AIM OF THE TASK
What's needed is an exact copy of the lines from the one that contains "Color Vintage Thai" to the end of the data below, leaving the pictures out.

### INPUT DATA ###

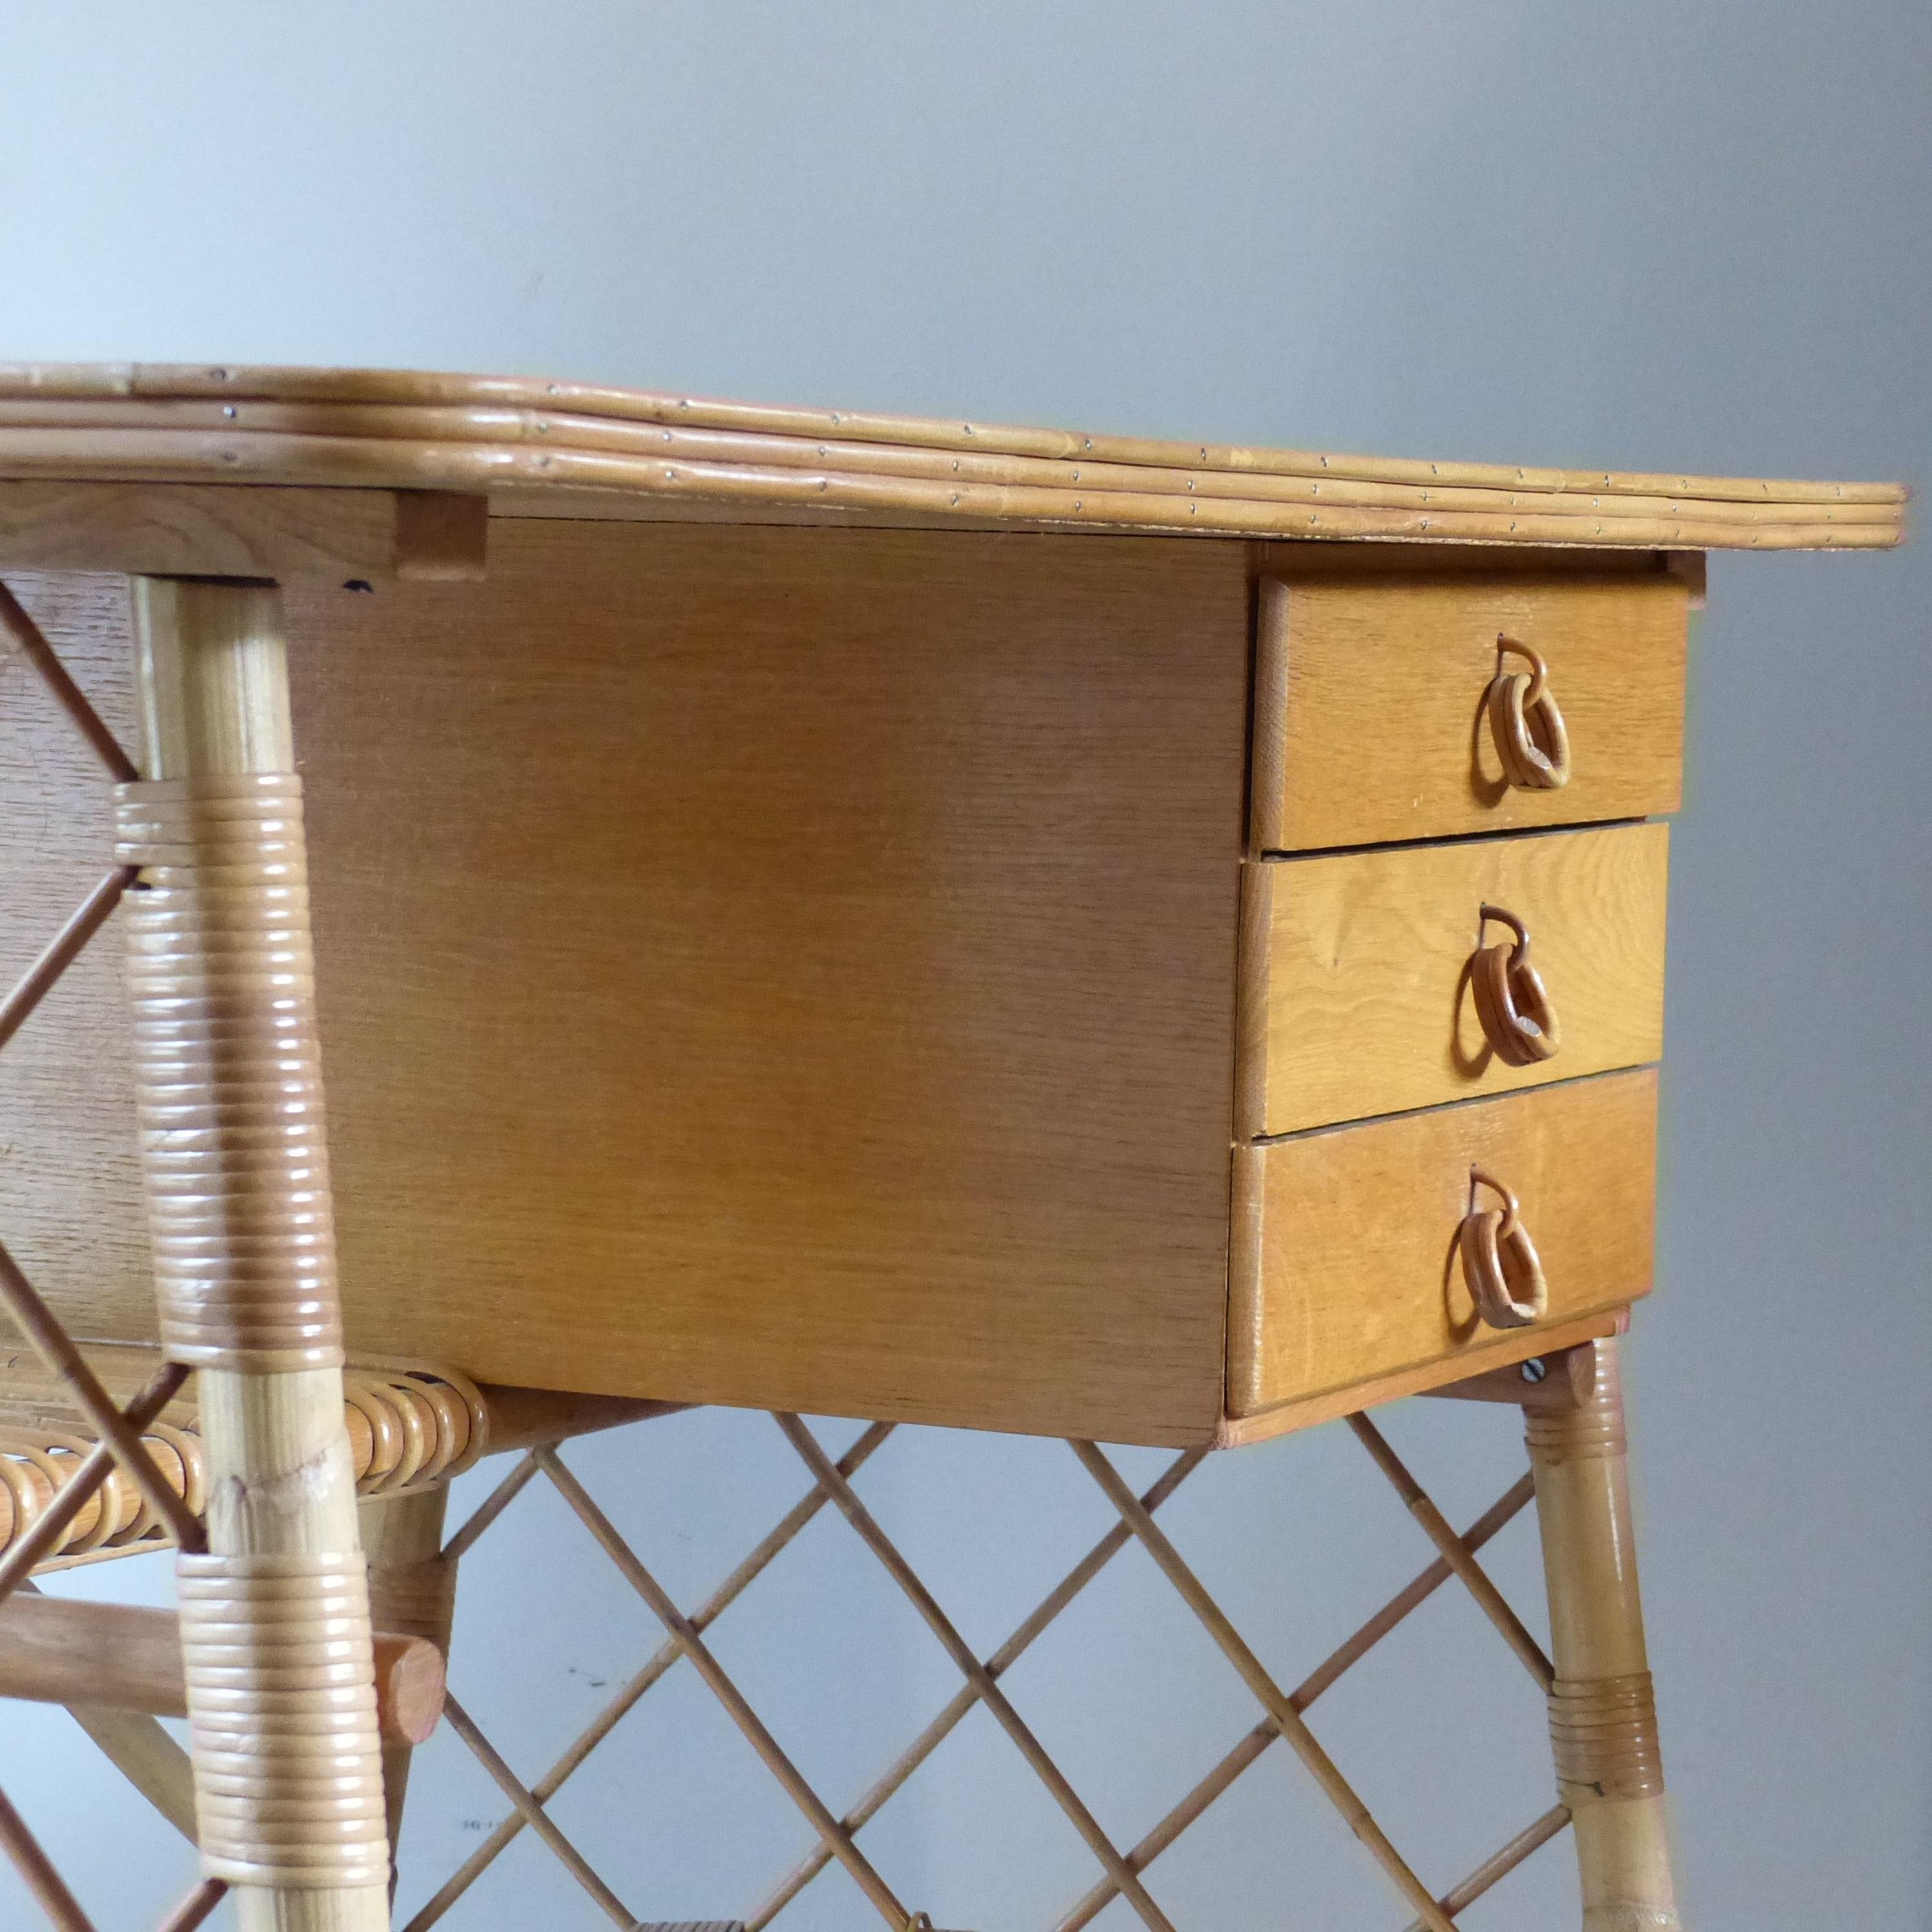 bureau en rotin louis sognot lignedebrocante brocante en ligne chine pour vous meubles. Black Bedroom Furniture Sets. Home Design Ideas
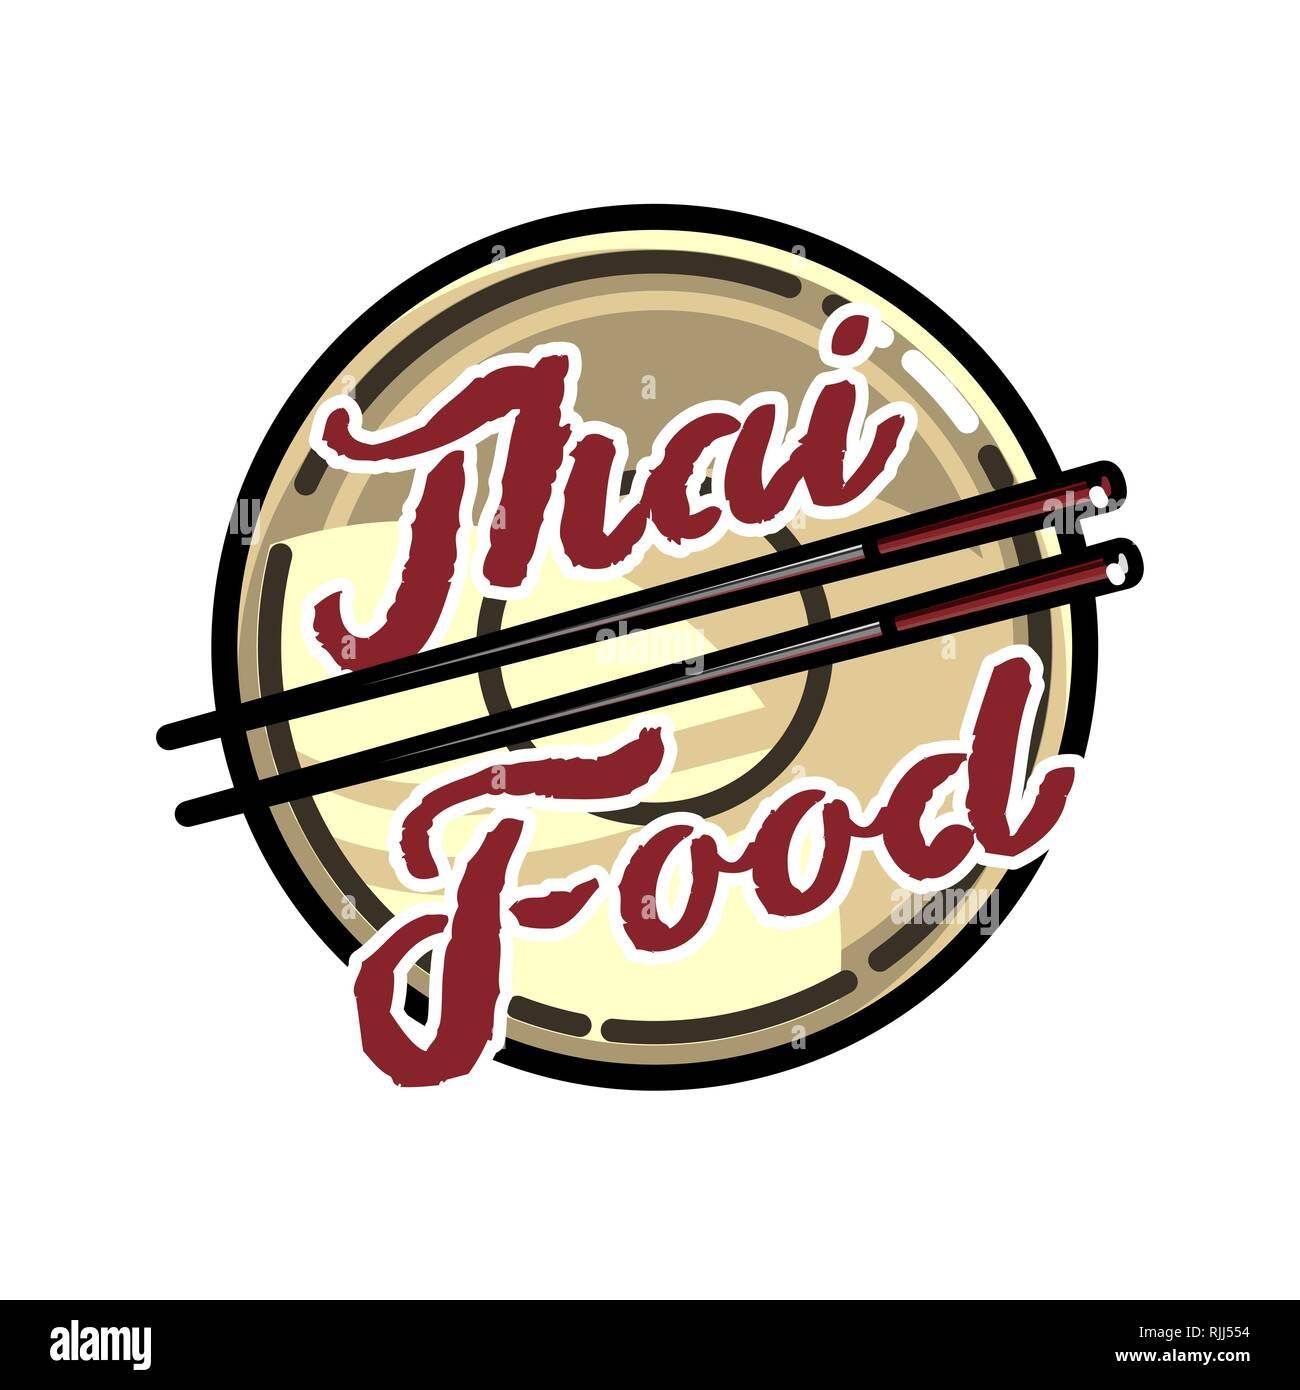 Color Vintage Thai Food Emblem Logo Badges Banners Emblem For Asian Food Restaurant Vector Illustration Stock Vector Image Art Alamy
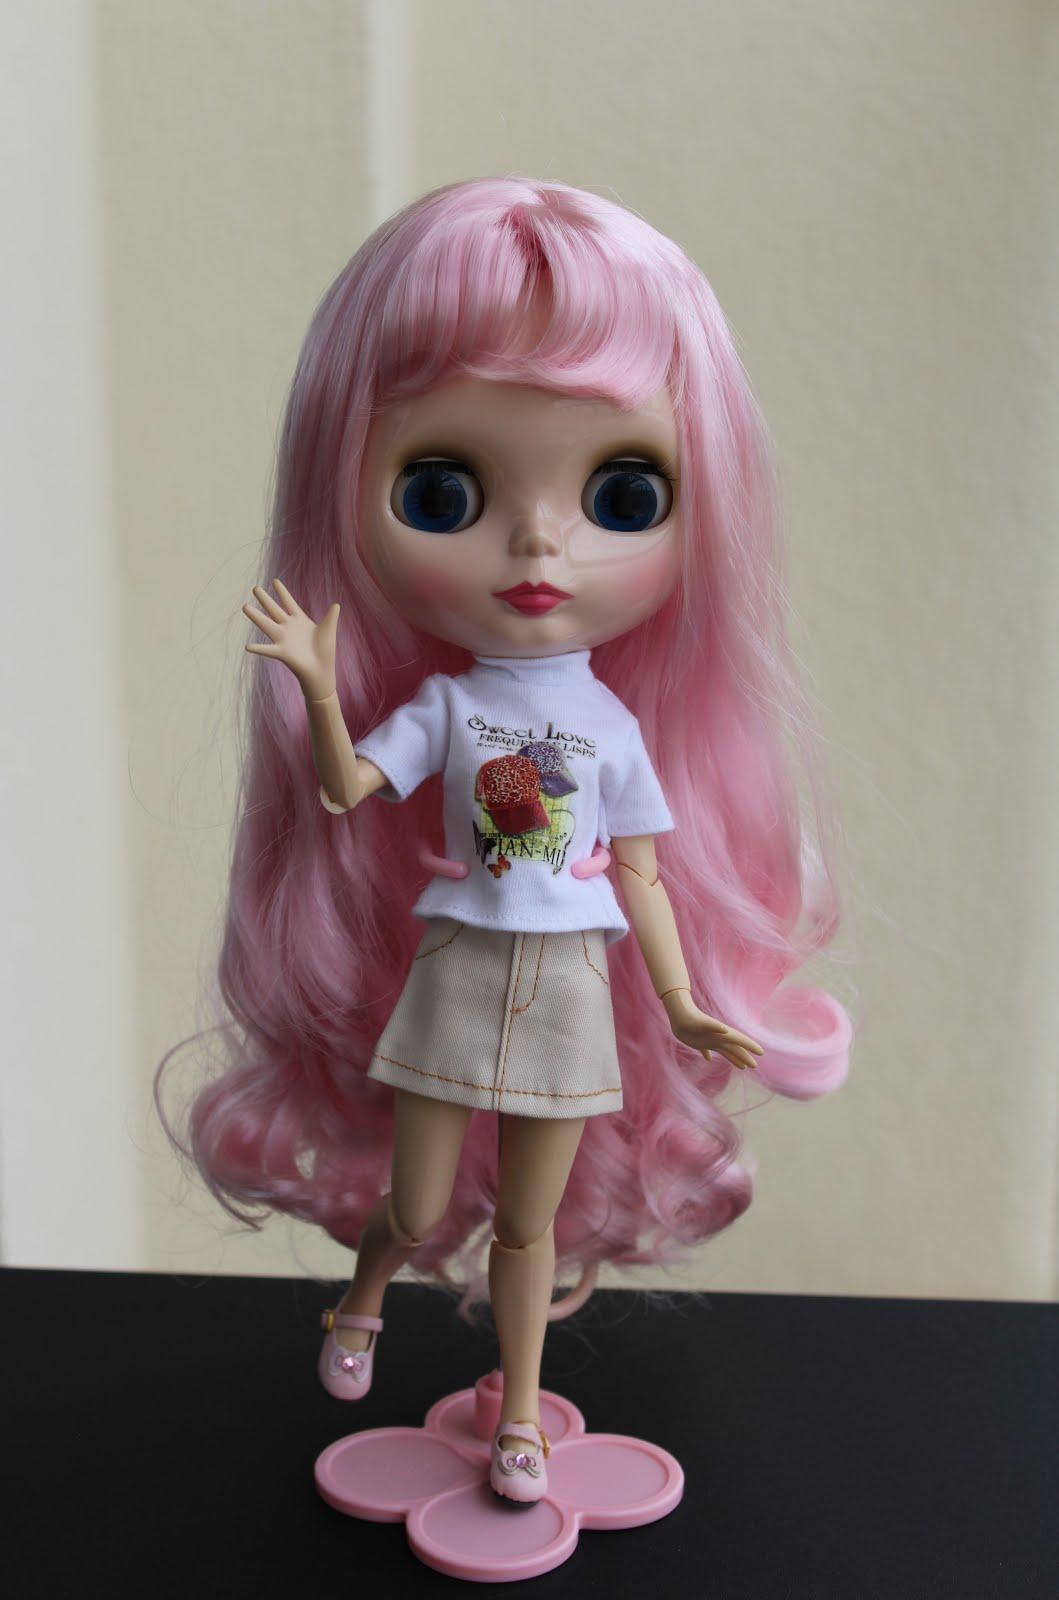 Penélope Doll
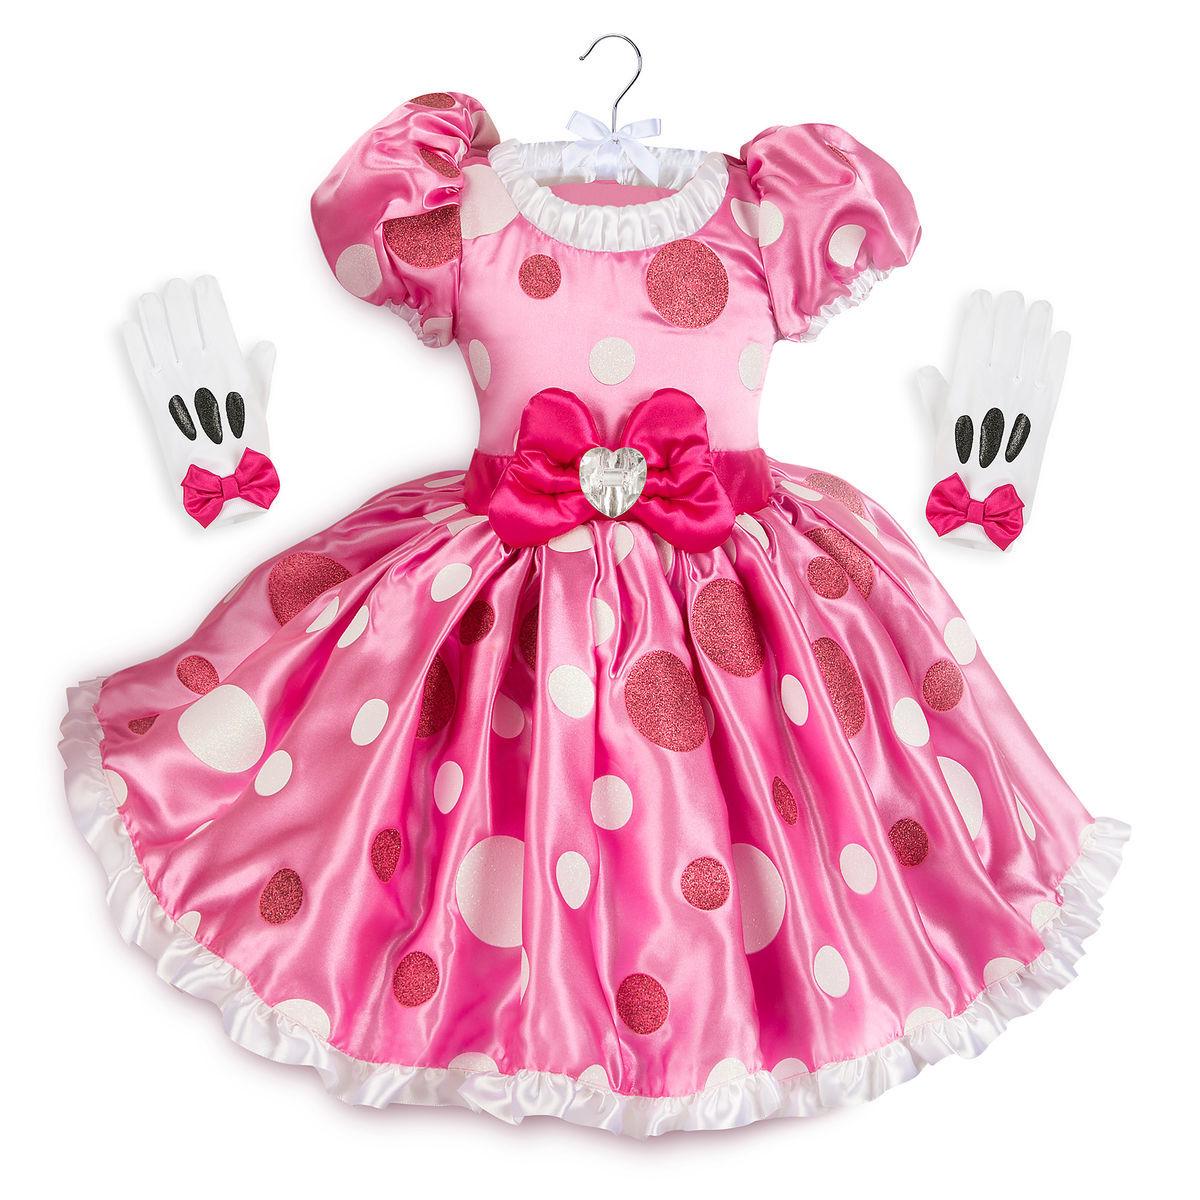 Disney ディズニー Minnie Mouse 85-125cmサイズ 女の子用ミニーマウスなりきりコスチュームドレス2点セット ワンピース コスプレ ハロウィン ハロウィーン Halloween 衣装 変装 【ラ・クーポンで送料無料】【楽ギフ_包装選択】

###

TASK RESULT
 Color Vintage Thai Food Emblem Logo Badges Banners Emblem For Asian Food Restaurant Vector Illustration Stock Vector Image Art Alamy
 Penélope Doll
 Disney ディズニー Minnie Mouse 85-125cmサイズ 女の子用ミニーマウスなりきりコスチュームドレス2点セット ワンピース コスプレ ハロウィン ハロウィーン Halloween 衣装 変装 【ラ・クーポンで送料無料】【楽ギフ_包装選択】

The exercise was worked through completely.